### Exercise details
Keeping pictures out, repeat the lines of the listing below exactly, starting at its first line and finishing with the one that holds "Cty chuyên phân".

### Excerpted data
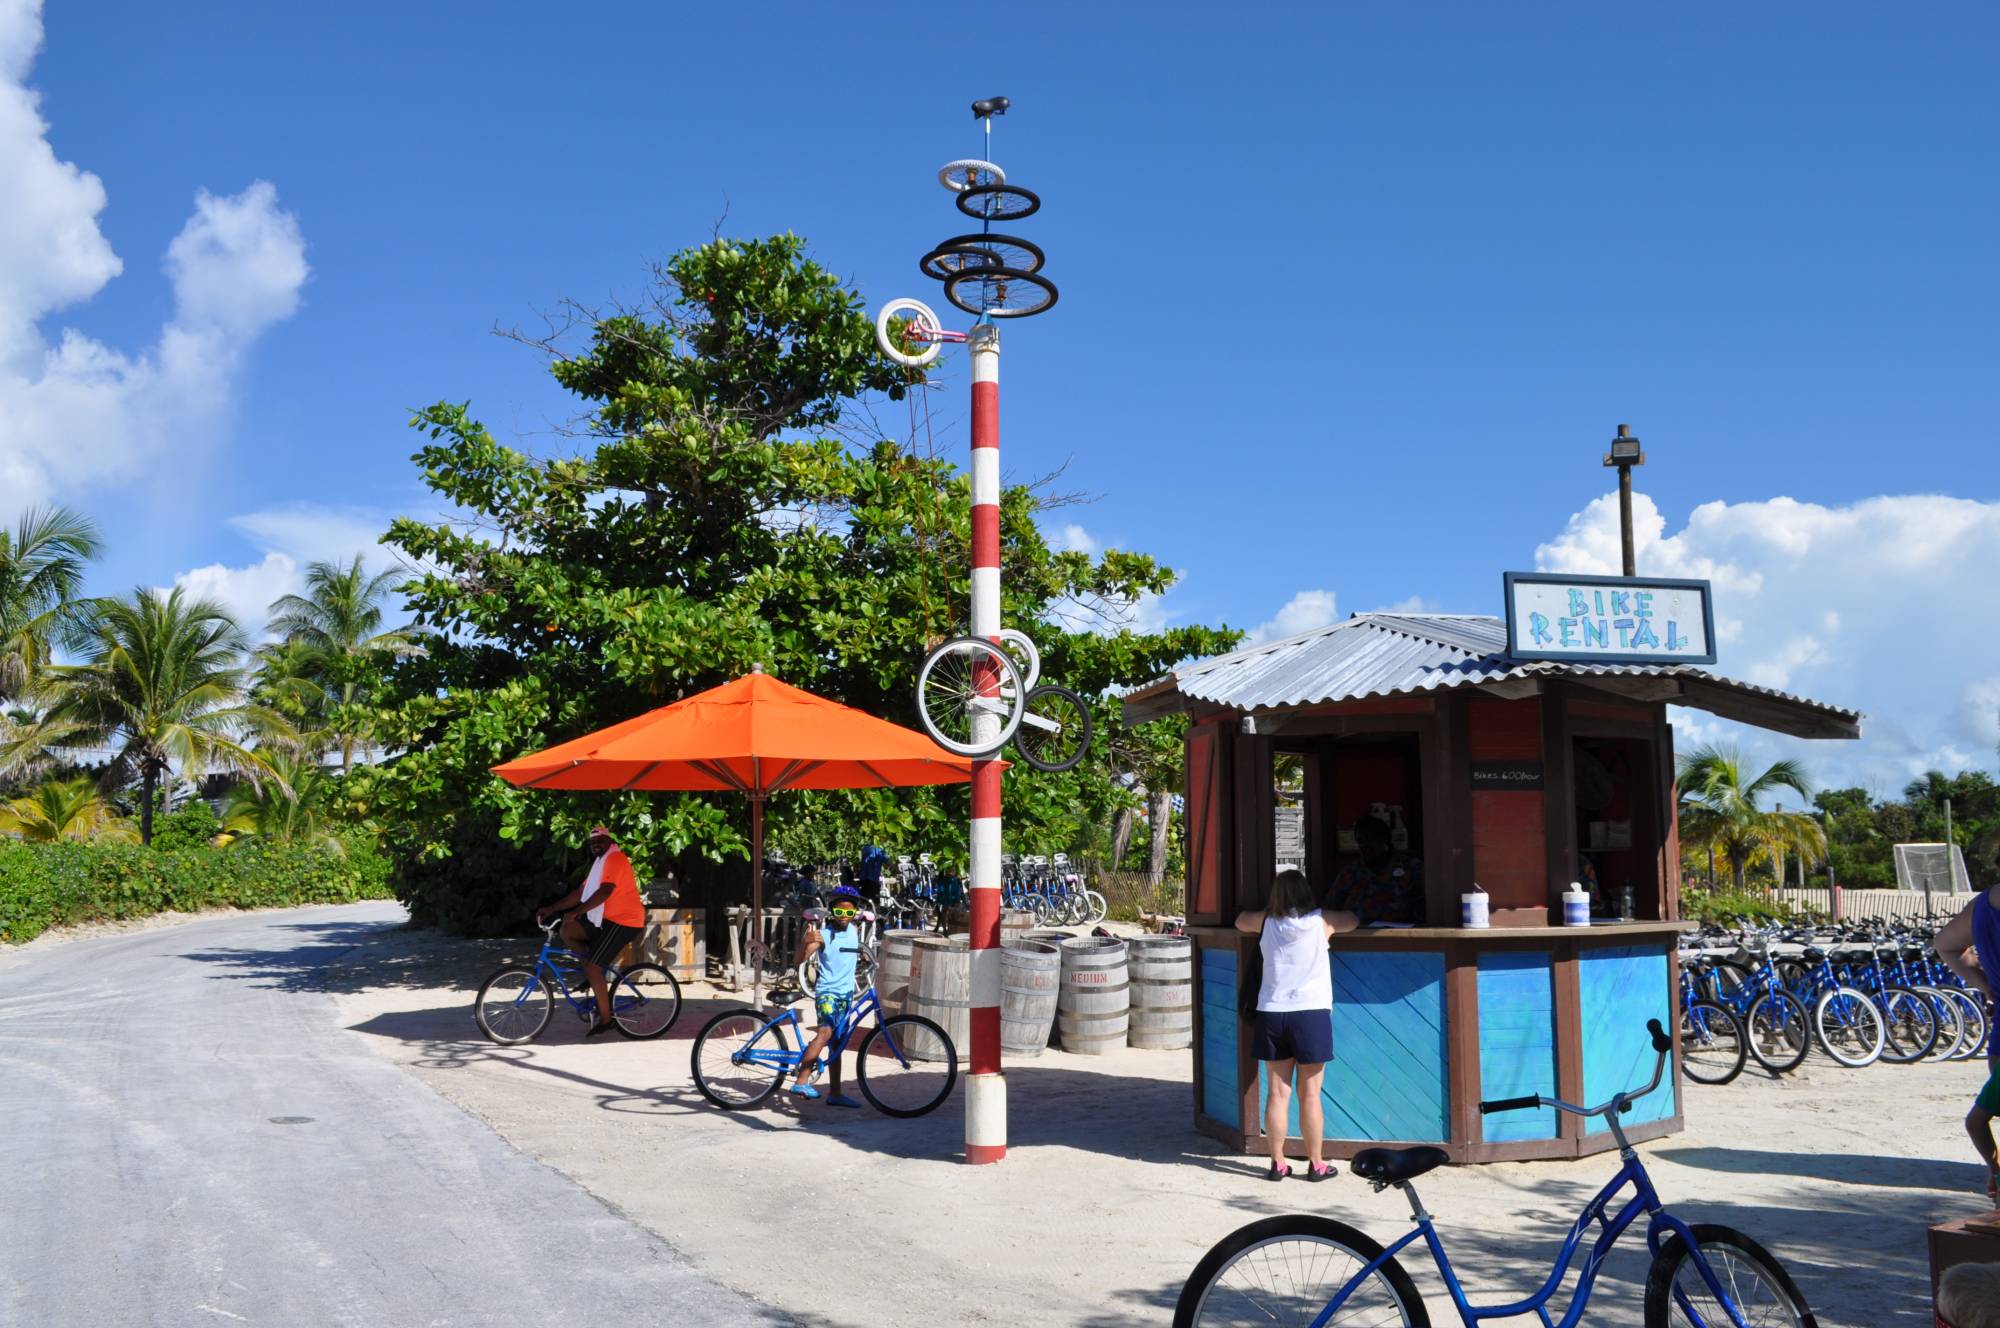 Explore Castaway Cay by bike |PassPorter.com
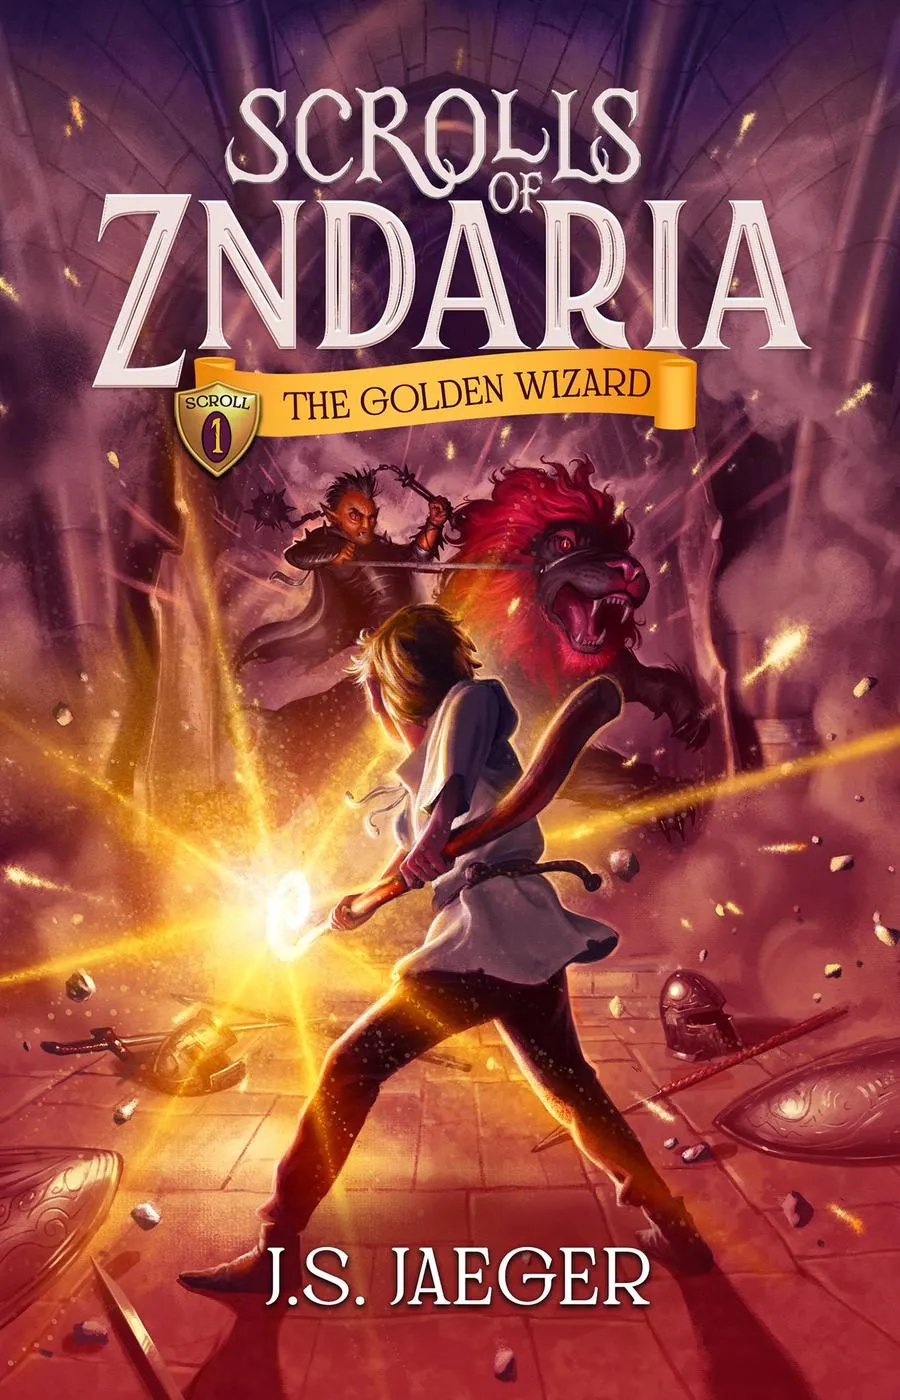 The Golden Wizard (Scrolls of Zndaria #1)
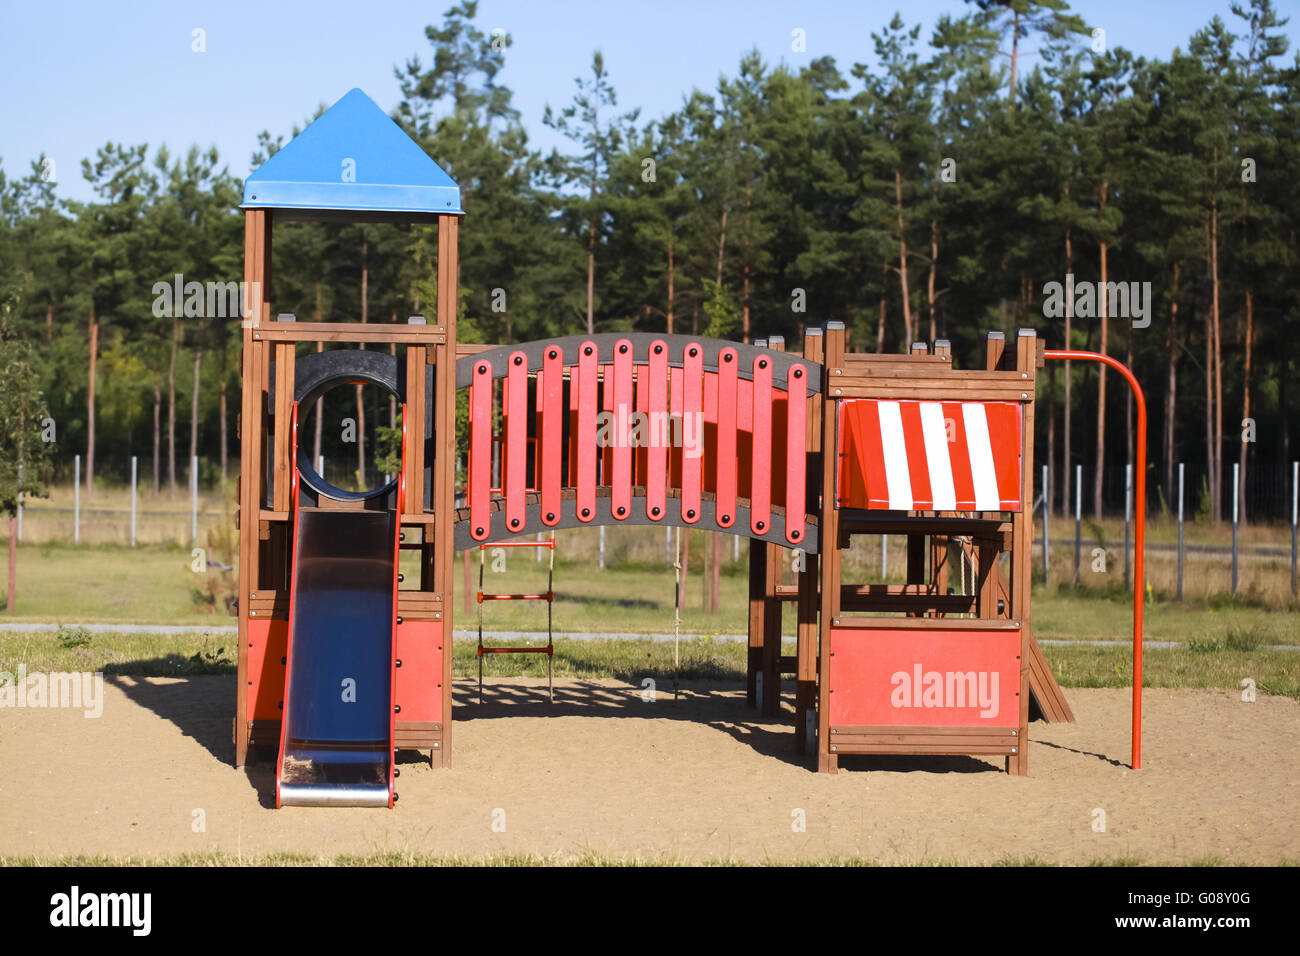 Playground for children Stock Photo
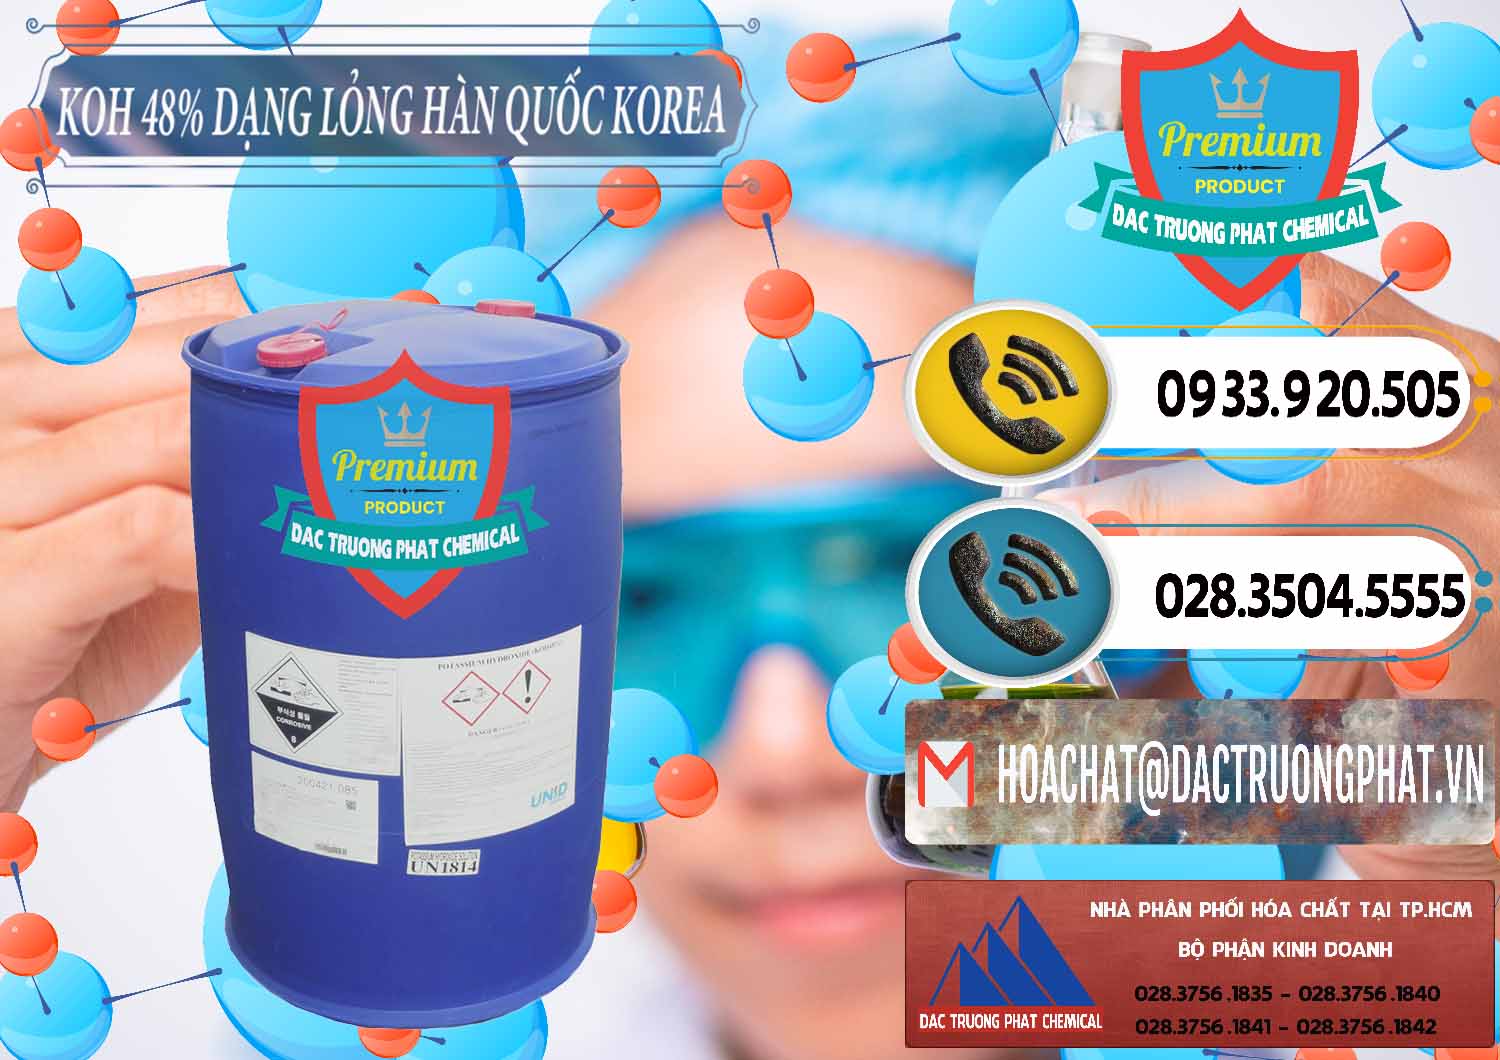 Cty chuyên phân phối ( bán ) KOH Dạng Nước – Potassium Hydroxide Lỏng 48% Hàn Quốc Korea - 0293 - Đơn vị chuyên bán _ phân phối hóa chất tại TP.HCM - hoachatdetnhuom.vn
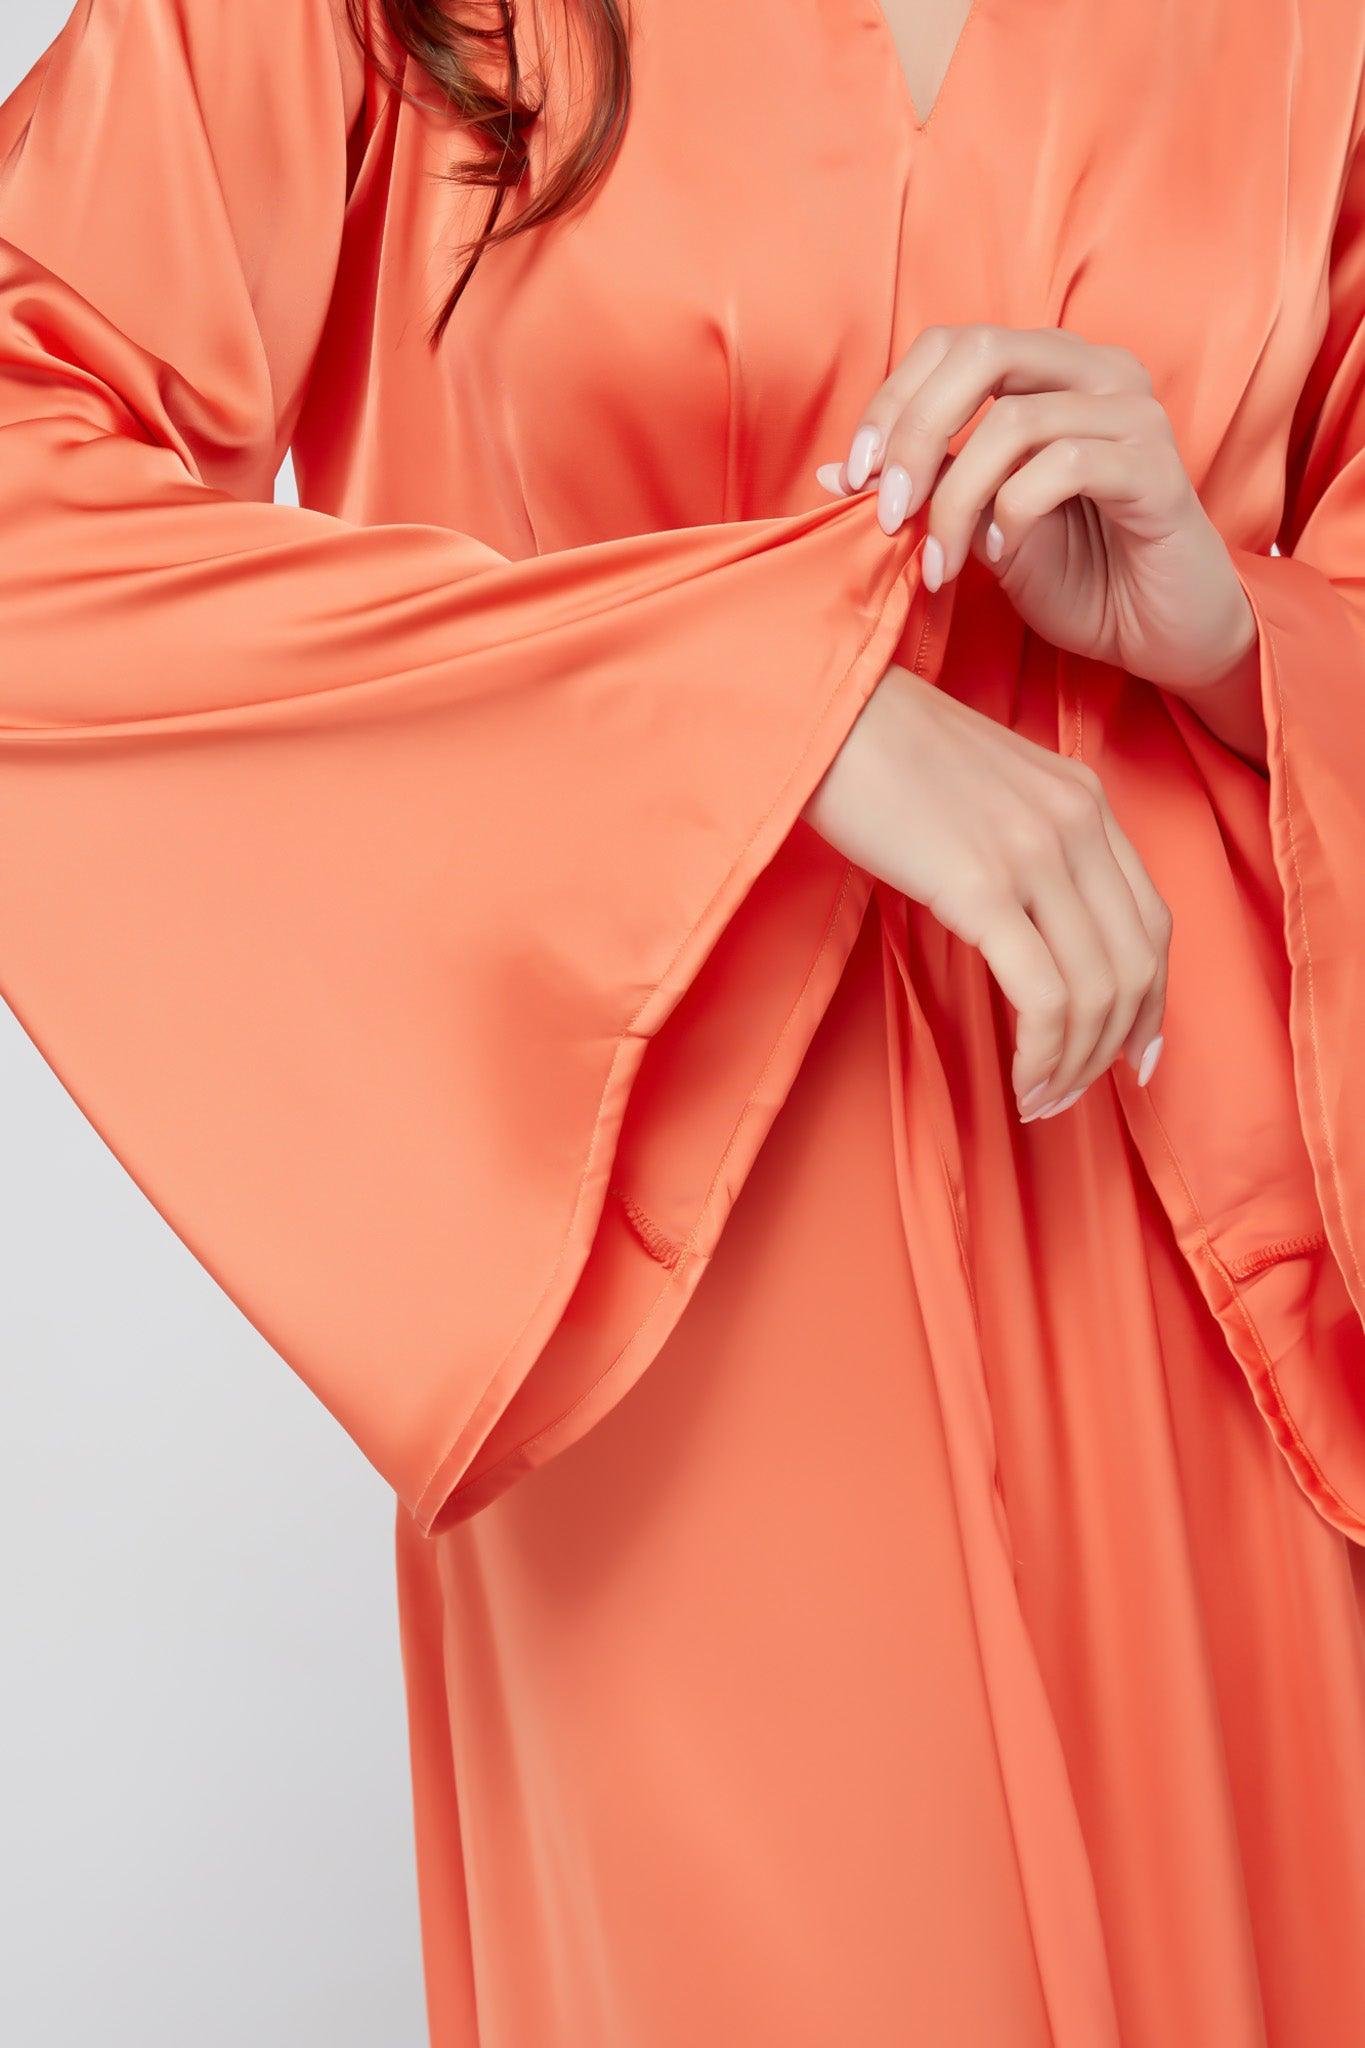 Ophelia Peachy Orange Luxury Soft Satin Maxi Dress With Kimono Sleeves - TAHLIRA

### Exercise answer
 Explore Castaway Cay by bike |PassPorter.com
 The Golden Wizard (Scrolls of Zndaria #1)
 Playground for children Stock Photo
 Cty chuyên phân phối ( bán ) KOH Dạng Nước – Potassium Hydroxide Lỏng 48% Hàn Quốc Korea - 0293 - Đơn vị chuyên bán _ phân phối hóa chất tại TP.HCM - hoachatdetnhuom.vn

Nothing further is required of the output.